Is this the Twilight Zone? Am I experiencing Wesley James Does Erdnase 2: Electric Boogaloo?
How the fuck can anyone be so conceited to assume they know ANYTHING about an anonymous man, from a book written over a hundred years ago, because they did a few scribbles in the borders around their shitty Dover edition of Erdnase in a year?
Fuck me right in the Bottom Palm. Stop smoking your pubish beard, Daniel. This is hilariously tragic.
BUT, this has allowed some fucking amazing responses about how absolutely fucking hilariously shit this attempt at a shallow money-grab is:
Some of my favourite responses:
Jason England – “I’m better than all of you, and I’ve already proven it – Steve Forte”
Jason England – His ad copy boasted of “over 10,000 hours” of practice in that year. There are 8760 hours in a year. He’s apparently very good at time management also.
Chad Long – I’m worse than all of you and I HAVE proven it. 😜
R Paul Wilson – I’m better than Hugard but only half as good as Frederick Braue.
Derek DelGaudio – Look. Madison knows exactly what he’s doing with this sort thing. It’s not ignorance or arrogance, it’s exploitation, and a tactic trolls use to drum up business. Basically, he’s the Milo Yiannopoulos of magic.
Chris Kenner – I thought it was an SNL skit at first.
Jason Ladanye – #betterthanadeadguy
Harapan Ong – Madison First, Erdnase Second
John Lovick – I don’t know Daniel Madison. But my guess, based on that video is that he’s half joking.
Irving Quant – ERDNASE IS FUCKING OVERRATED! *ducks and covers while giggling*
Curtis Kam – You guys don’t understand. This annotation of Erdnase goes up to eleven!
David Regal – Maybe he meant the other Erdnase, the pickle magnate.
Rudy Coby – Erdnase couldn’t ski worth shit, though. So I’m calling that.
Allan Hagen – Yeah, but there’s 8 hours of ‘inticatelly’ detailed instructions!
There’s been a statement released from Ellusionist that some people have been making death threats to Daniel over the whole situation since he put up an “Apology” video where he directly quotes Heath Ledger’s Joker.
He laughed, I laughed. The fridge laughed. Then continued on with my life, after unplugging the fridge. Just in case.

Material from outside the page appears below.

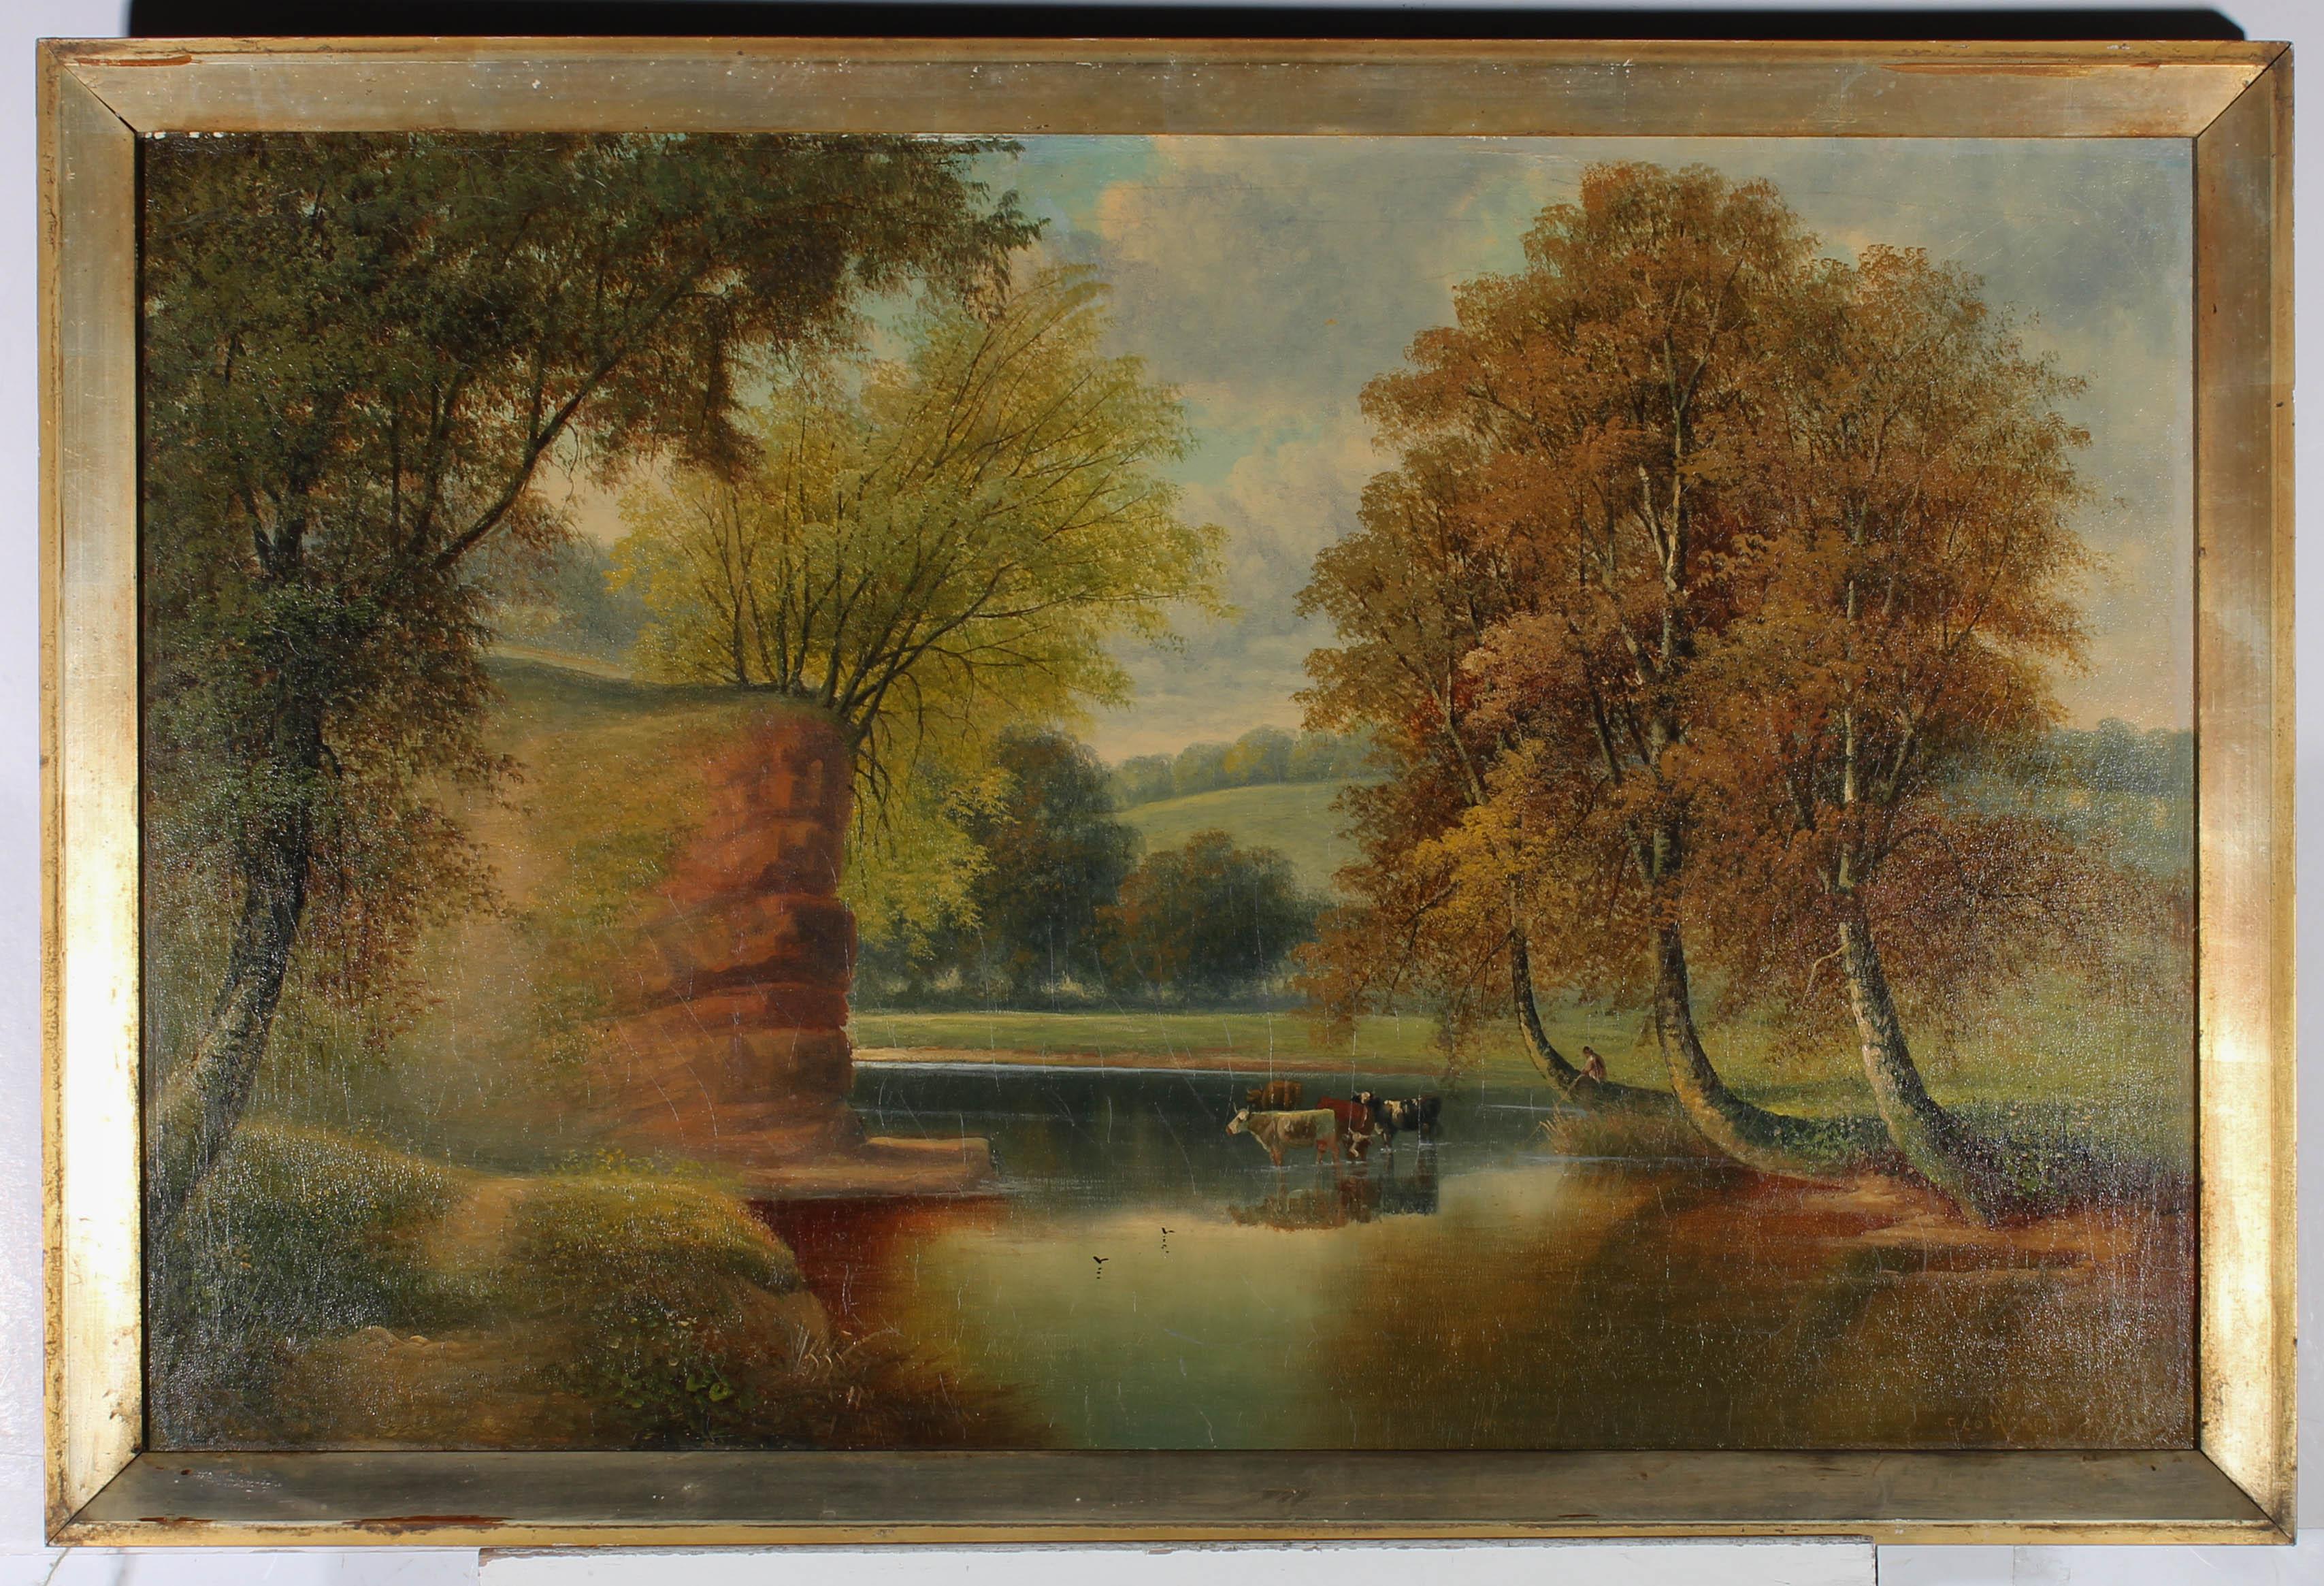 A fine early 20th Century ;landscape in oil, showing a bucolic scene of cattle drinking in the shallows of a river as a figure watches them from a tree on the bank. The leaves of the surrounding trees are turning from summer green to the browns and

I replied to a comment on it, which I’m reposting below:
I would say to them exactly what I’m going to say to you; calm the fuck down.
It’s 2017, everyone can have a negative opinion and hate shit without taking it to the point of being offended, offending or threatening anyone.
So for someone who is going to make death threats on the internet over card tricks (lol), they need to seek help and grow the fuck up. Shit could be way worse.
Regarding the magicians you highly respect making comments on the whole debacle, I don’t see any well renowned magicians making any threatening remarks, just stating how ridiculous they think the whole thing is, so kind of a dick move in lumping them in with the people making threats. Just sayin’
Also, please realise you’re bitching about a fictional character’s opinion, on the internet (mine or his?)